The orchestra's managing director signaled for the first time today what should have been obvious some time ago: that the orchestra has its own future to worry about.

“Our hope is that he has a successful surgery, and everyone is wishing him the best,’’ said Volpe. “But he’s got to get through the surgery and then we’ll see. This is not tenable, the uncertainty. We have to protect ourselves.’’

 “We’re all kind of wondering whether we’re going to see him again,’’ said Bonnie Bewick, a violinist. “I think the orchestra and the board are starting to feel that maybe it’s time to start a search again.’’

The Met should also be protecting itself. The rumor sphere is already filled with speculation about his successor there.

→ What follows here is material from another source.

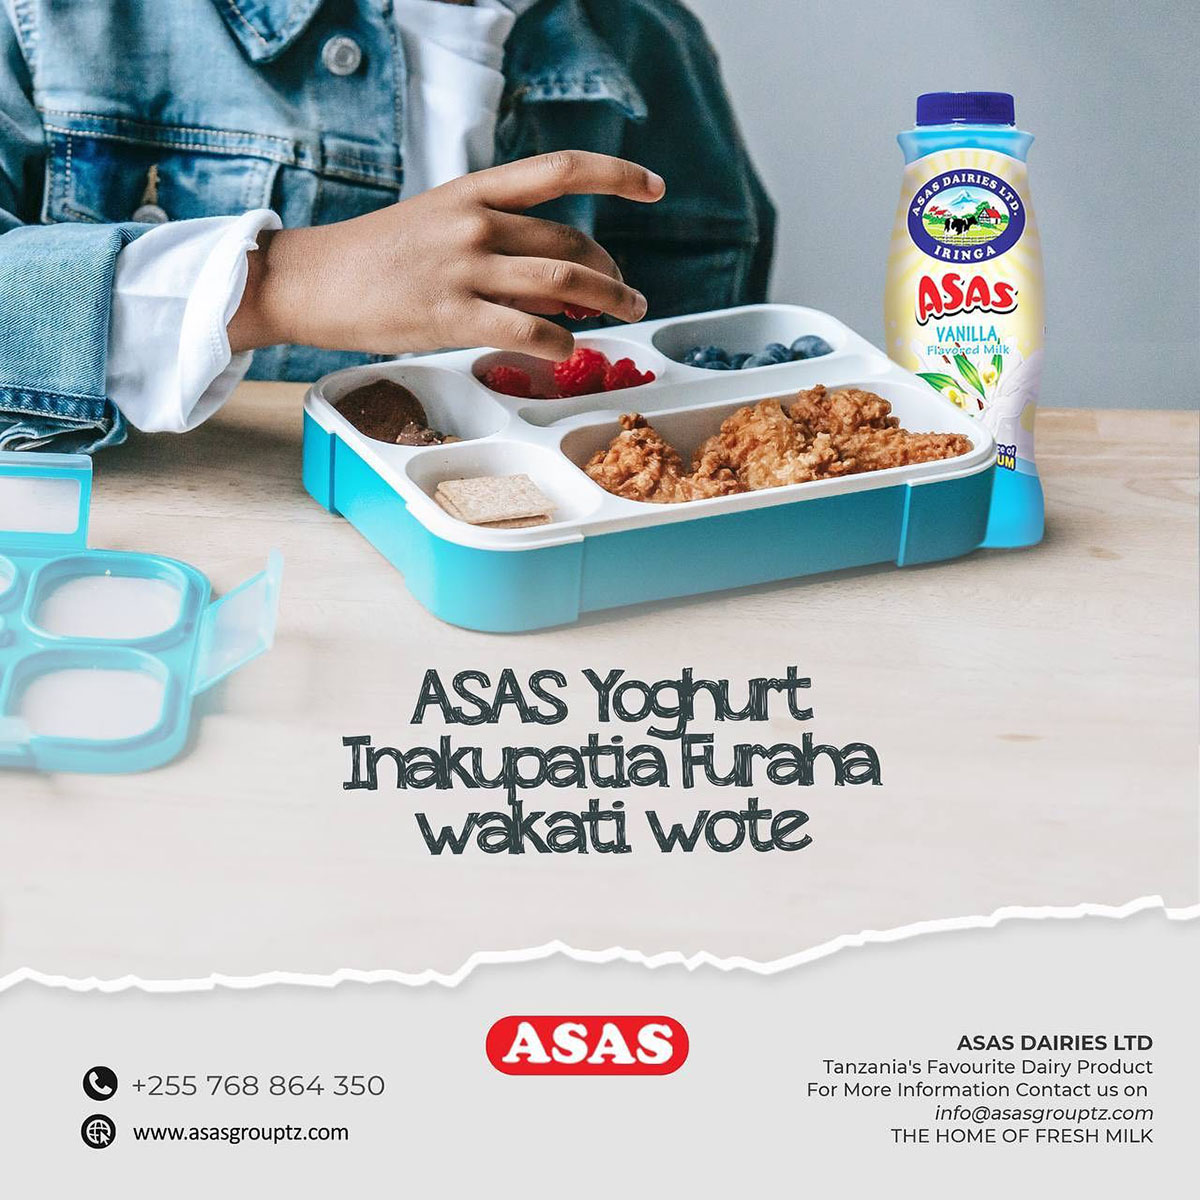 Asas-Dairies-Asas-Yoghurt-inakupatia-furaha-wakati-wote
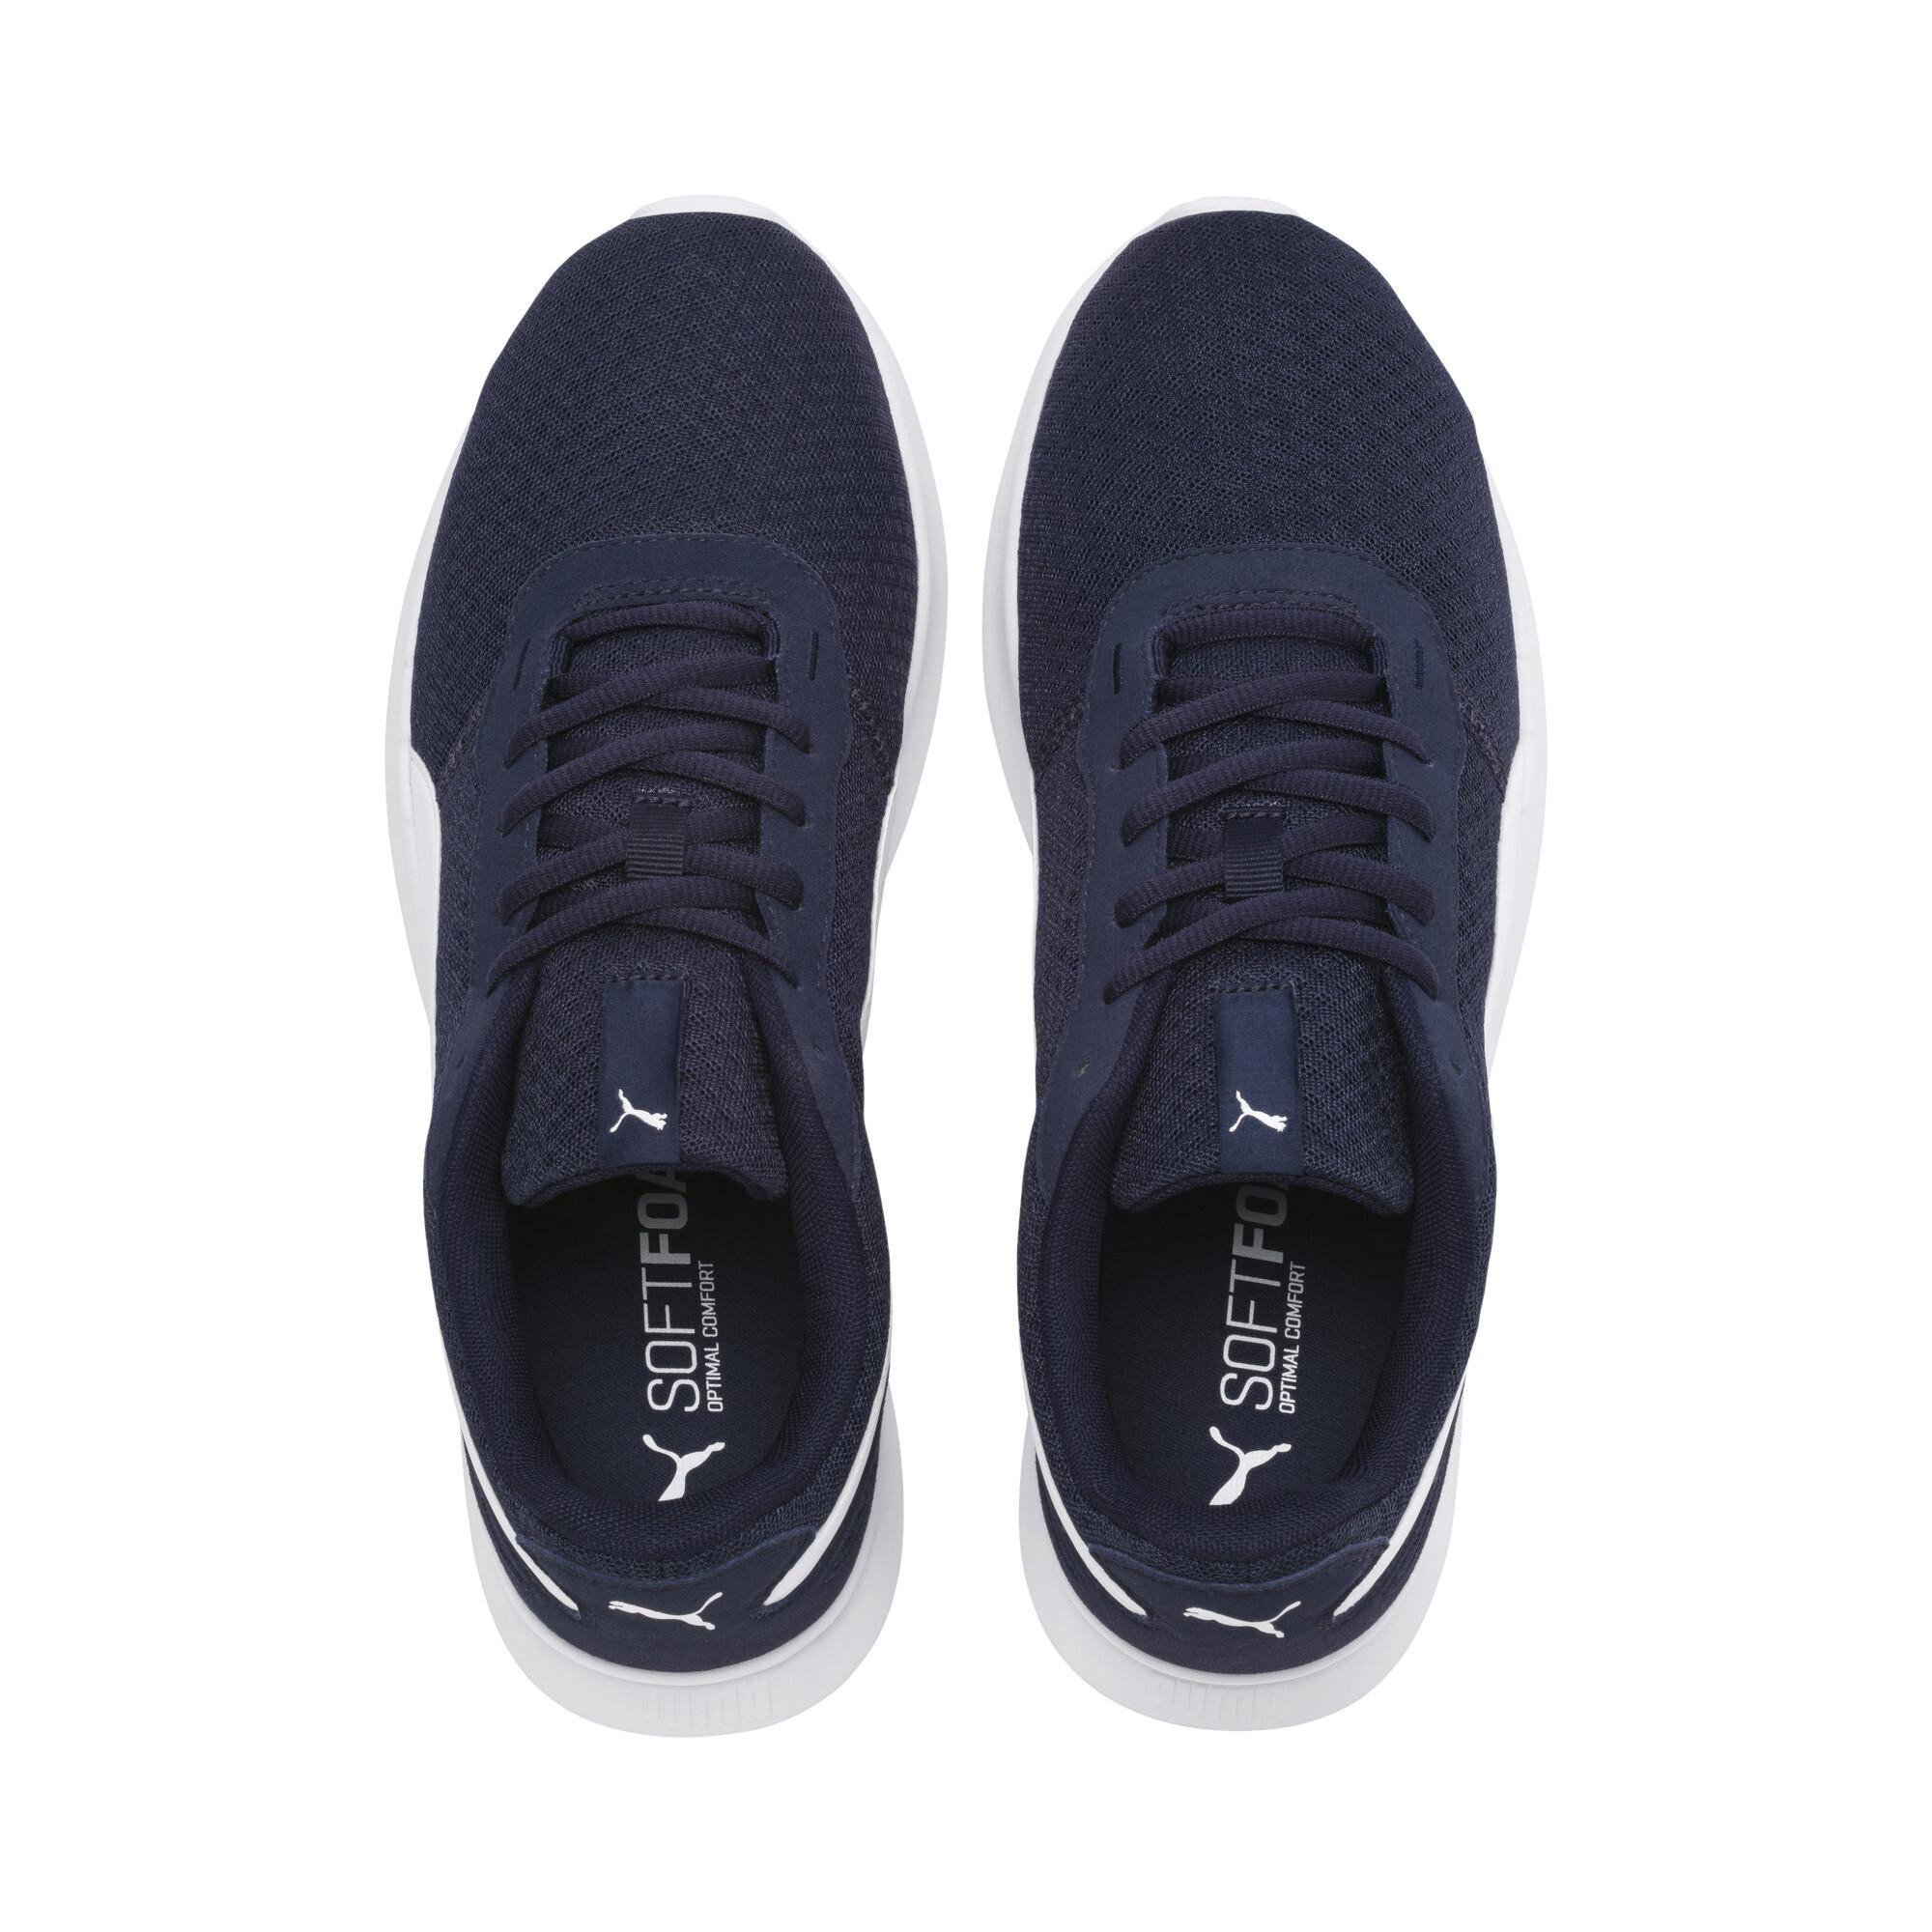 PUMA-Men-039-s-ST-Activate-Sneakers thumbnail 23

Regardless of the outcome, the music world should think seriously about the viability of one conductor running two important institutions simultaneously. A few years ago, the BSO was the most enviable orchestra in America - with a great hall, a fat endowment, an artistically important summer home, a successful pops arm and a much-admired music director.

But that list seems much less impressive now that the orchestra lacks a strong and visible artistic personification. Like it or not, at American orchestras, it's still all about the music director.